Dobbiamo tornare ad essere generativi, con i giovani, a cinquanta, sessanta, settanta, ottant’anni, questo ci farà parlare con i giovani : immaginare che il bello di noi stessi debba ancora venire. Senza questo atteggiamento è inutile agitarsi. Serve un azione generativa, che parte dal “lasciare andare”, dall’autorizzare, dall’avere speranza e fiducia nell’invisibile e nell’impossibile.
Per generare alternative, che non vuol dire che il mondo diventa tutto come vogliamo noi, ma che noi amiamo un mondo plurale, non una dittatura ed una monocultura, è necessario generare nuove esperienze spirituali. Ricomprendere lo spirito, accanto al corpo e all’intelletto. La classica antropologia cristiana. Come un elemento sostanziale della vita, per aiutarci, tutti quanti, a fare un esperienza più piena di se e della realtà: degli altri, del cosmo, di Dio.

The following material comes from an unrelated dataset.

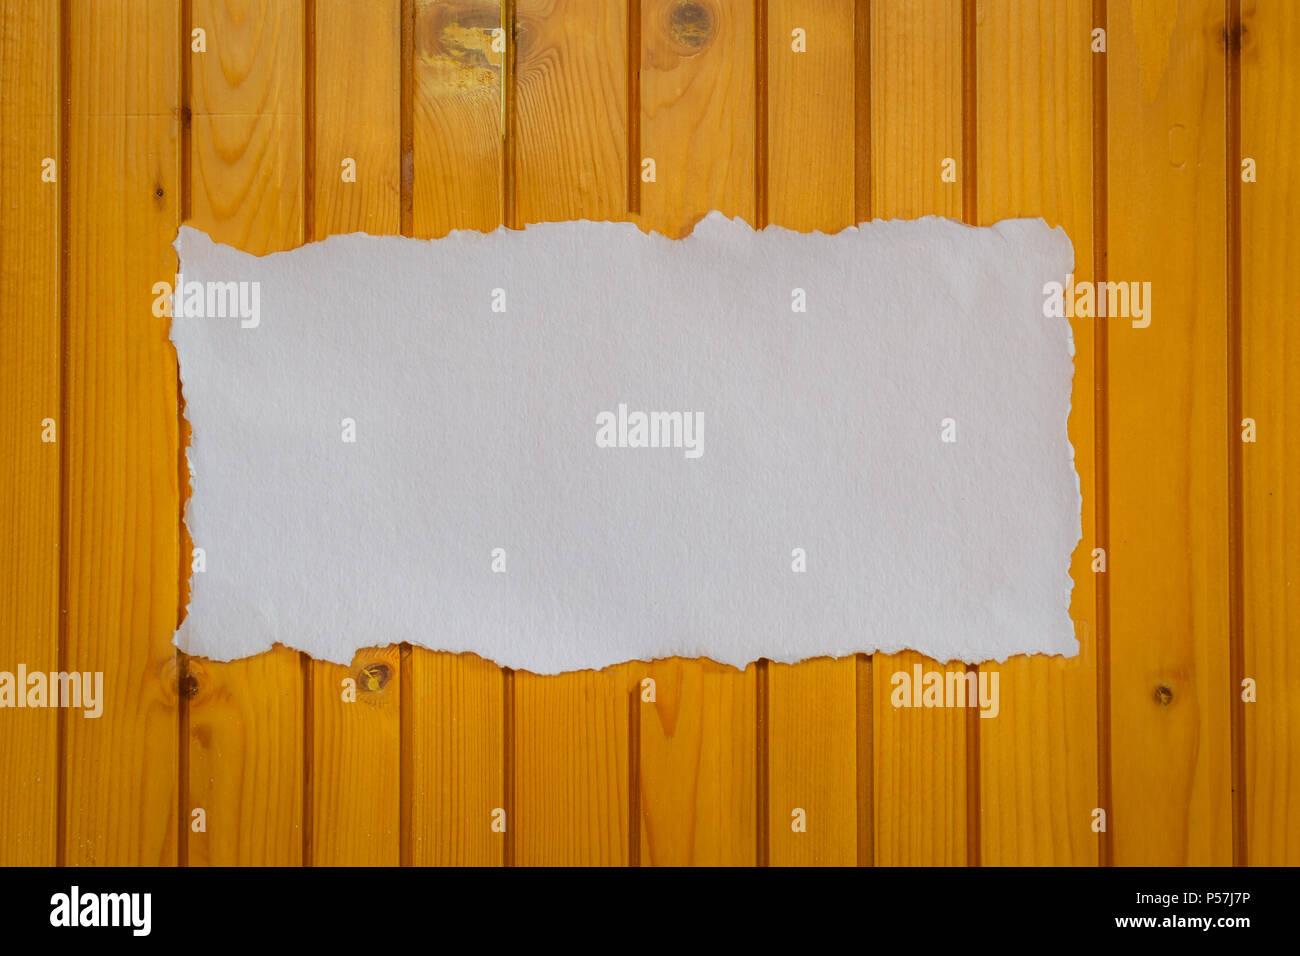 Hoja de papel blanco sobre un fondo de chapa de madera de amor notas y tarjetas de invitación Imagen De Stock

La pandemia ci sta offrendo una grande occasione, ma noi come il faraone d’Egitto , non ascoltiamo. Silenzio, solitudine, fragilità, morte, destino comune, bisogno di comunità, possibilità di trasgressioni generative (che non sono la contrapposizione binaria di si – vax / no- vax).
Abbiamo ascoltato? Stiamo ascoltando? Abbiamo il coraggio di custodire e condividere insieme le domande che questo tempo ci pone?
Forse è il caso di dar vita a esperienze spirituali di emancipazione dalle tecnologia. Esperienze che non fanno diventare la volontà la cosa più importante. La tecnologia moderna non è niente altro che il rigonfiamento della nostra volontà di potenza. Noi non siamo solo la nostra facoltà volitiva. Le parti più nobili di noi non abitano la nostra volontà. Chi prova la ferita e il trauma questo lo sa. Noi siamo innanzi tutto la nostra fragilità. Il nostro valore abita la nostra fragilità ed è la nostra fragilità che conduce al senso. Questo allora vuol dire abbandonarsi, non trattenere, lasciare andare, non ossessionarsi nel controllo. Rinascere, trasformarsi.
Buon pellegrinaggio nella speranza dunque, insieme.